# [Work instructions]
Without the pictures, restate all of the data below word for word.

# [Dataset extract]
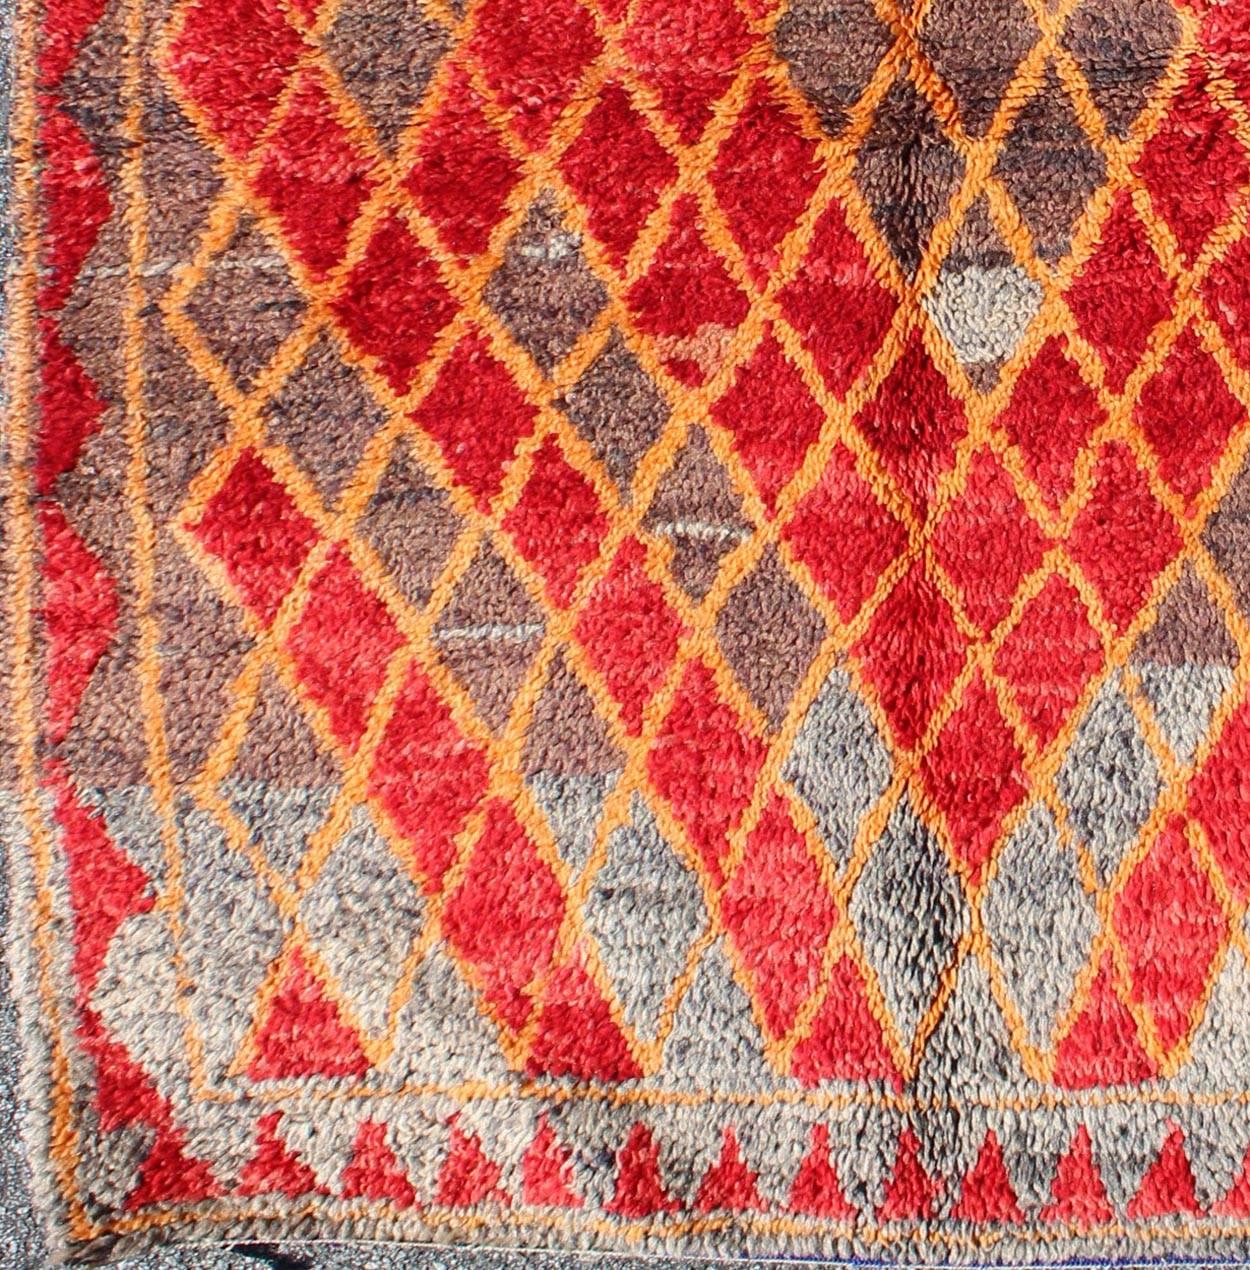 Marokkanischer Teppich aus der Mitte des Jahrhunderts mit orangefarbenen, roten, braunen Diamanten und blauen Fransen. Keivan Woven Arts /  teppich sk-628, herkunftsland / typ: Marokko / Tribal, etwa Mitte des 20. Jahrhunderts

Dieser wunderbare
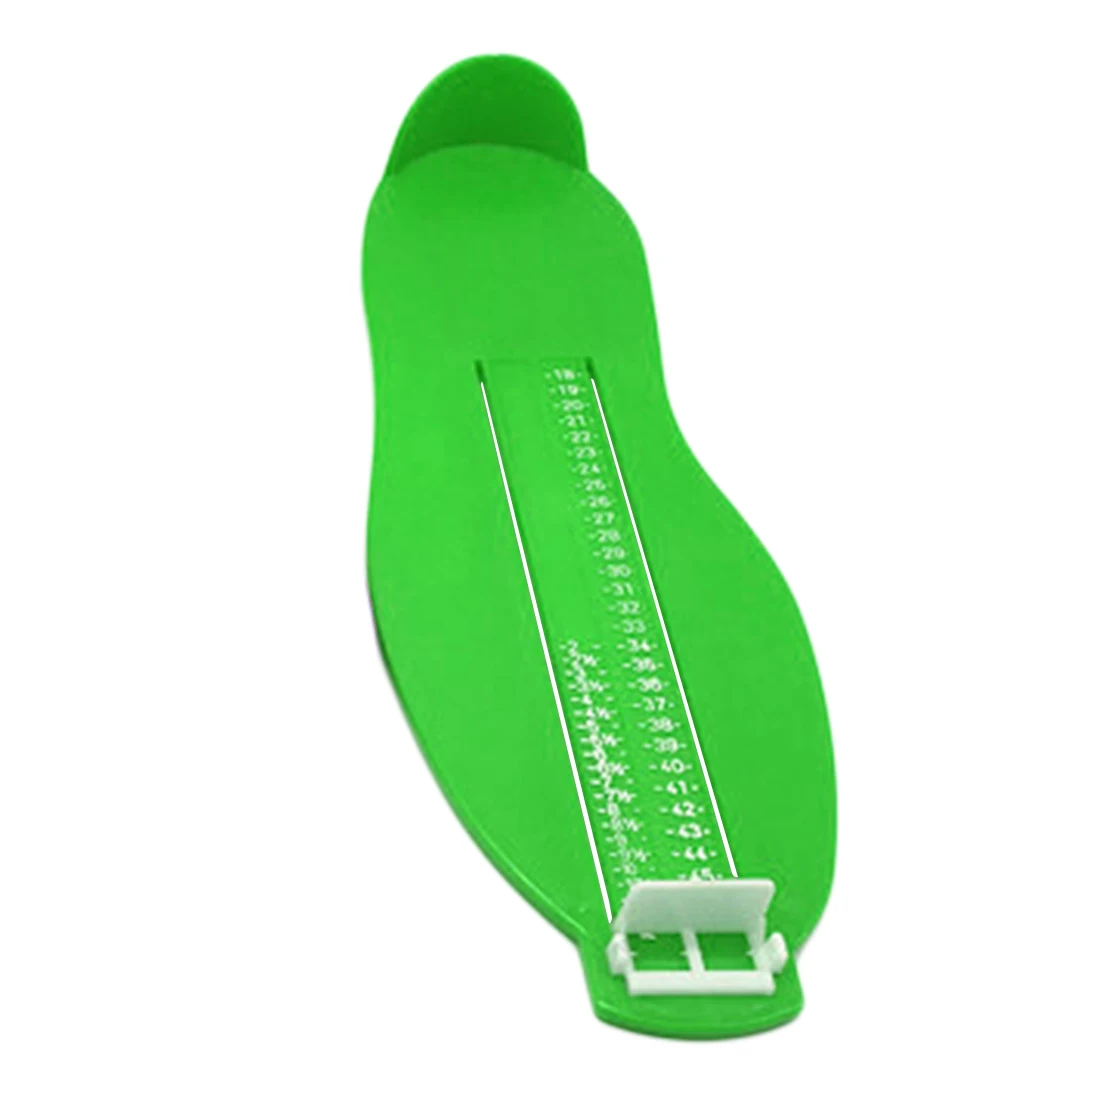 Горячее предложение 1 шт. для взрослых измерительное устройство для ног обувь Размер прибор измерение Линейка Инструмент устройство помощник 4 цвета

# [Answer space]
 Marokkanischer Teppich aus der Mitte des Jahrhunderts mit orangefarbenen, roten, braunen Diamanten und blauen Fransen. Keivan Woven Arts /  teppich sk-628, herkunftsland / typ: Marokko / Tribal, etwa Mitte des 20. Jahrhunderts

Dieser wunderbare
 Горячее предложение 1 шт. для взрослых измерительное устройство для ног обувь Размер прибор измерение Линейка Инструмент устройство помощник 4 цвета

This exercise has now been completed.